After the fall of the Berlin Wall and, with it, Soviet communism, one of the great joys for this former US Army Signal Corps officer was getting to talk with a former East German officer who came to work for our company a few years later.

"How real was it?" I asked him one evening over dinner, referring to the Soviet threat which we basically had spent every waking moment thinking about.   In precise English, he told me, "None of it.  We were more scared than you."   The seven Spetznaz divisions had low morale and the TO&E(Table of Organization and Equipment ) we would get from spies was fabricated - if they had 10 tanks, for example, they might have only one necessary part to make them run so they would place it in various tanks, move them, and make it appear as if they were active units.

And then there were inflatables.   Camouflaged fakes designed to look like they were real.   our talk was in 1997.  Sometimes what is old is new again.

A company called Rusbal is hoping to work with Russia's Defense Ministry to create a line of inflatable weapons - fakes - that visually, with heat signatures, and on radar appear to be real.  Rusbal presumably stands for Russian Balloons but I can't say that for sure.    To pull it off, a tank might have a thin metal lining for radar and a heater inside for thermal so a $12,000 fake could look real enough to lure a $1 million missile.


Inflatable decoy.  Courtesy: Rusbal

Inflatables are nothing new, of course.    One head fake for the invasion of Normandy in World War 2 was Gen. George S. Patton in command of an inflatable army on the coast of Dover, which made the Germans think the invasion would come at Calais rather than 150 miles west, where it did.   That decoy army was part of the reason for D-Day success, along with the Germans misunderstanding of American politics.  It was unthinkable that America's 'best' general was not being used for the important invasion due to unpopularity at home (1) and so their willingness to accept fakes was heightened.

B-26 full-size inflatable decoy Patten company
A full-size inflatable B-26 from World War 2.  Credit: Patten Company.

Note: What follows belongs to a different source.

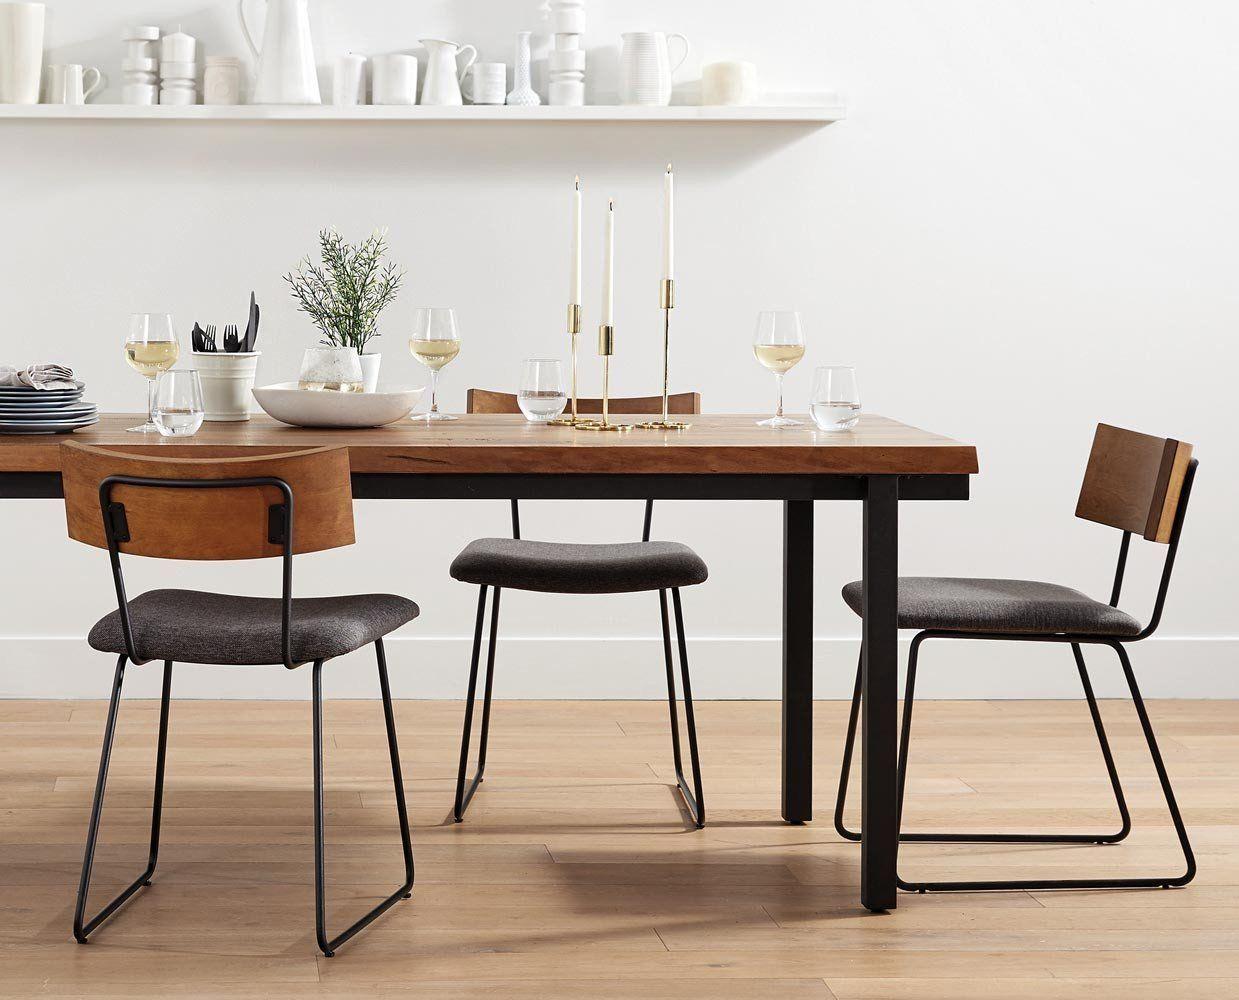 Karsten Dining Chair Rustic Industrial Dining Chair Minimalist Dining Room Industrial Dining Chairs
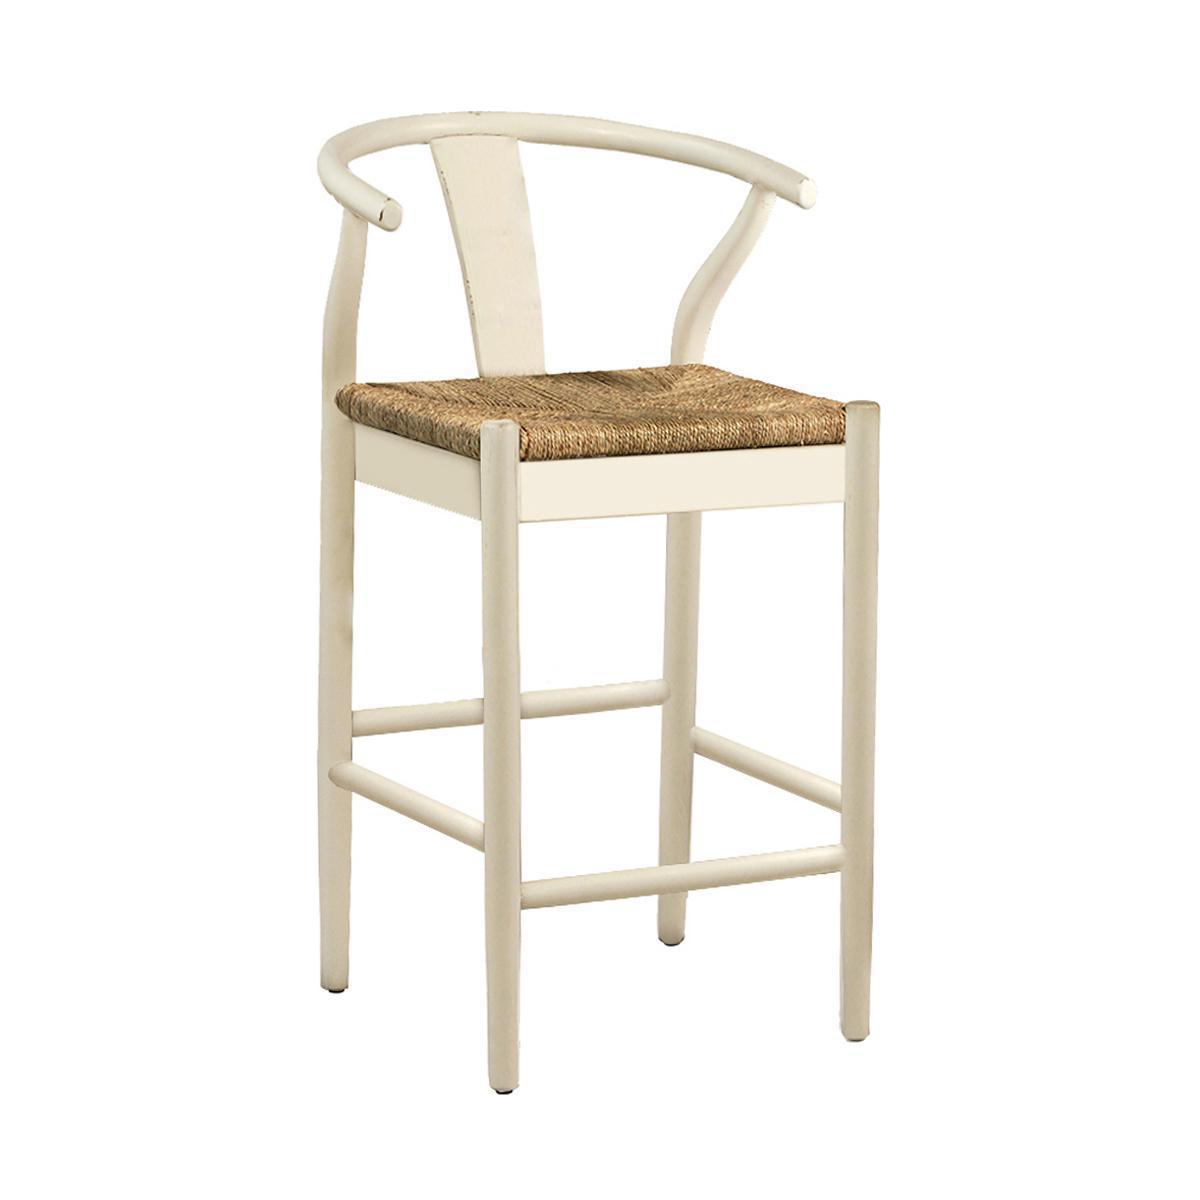 White Woven Oak Counter Stool Chairish

Rusbal isn't some new player in an amped-up Russian military effort.   The bulk of their business comes from 'bounce houses' like our kids play in and traditional hot air balloons.

NOTE:

(1) No one is in the doghouse forever and in August, 1944 he was allowed to go to Europe where he astonished friend and foe alike with his march across France.    That December, during the Ardennes German counteroffensive (Battle of the Bulge) Patton rushed his troops to the area and achieved what former subordinate and then superior Omar Bradley called "one of the most astonishing feats of generalship of our campaign in the west".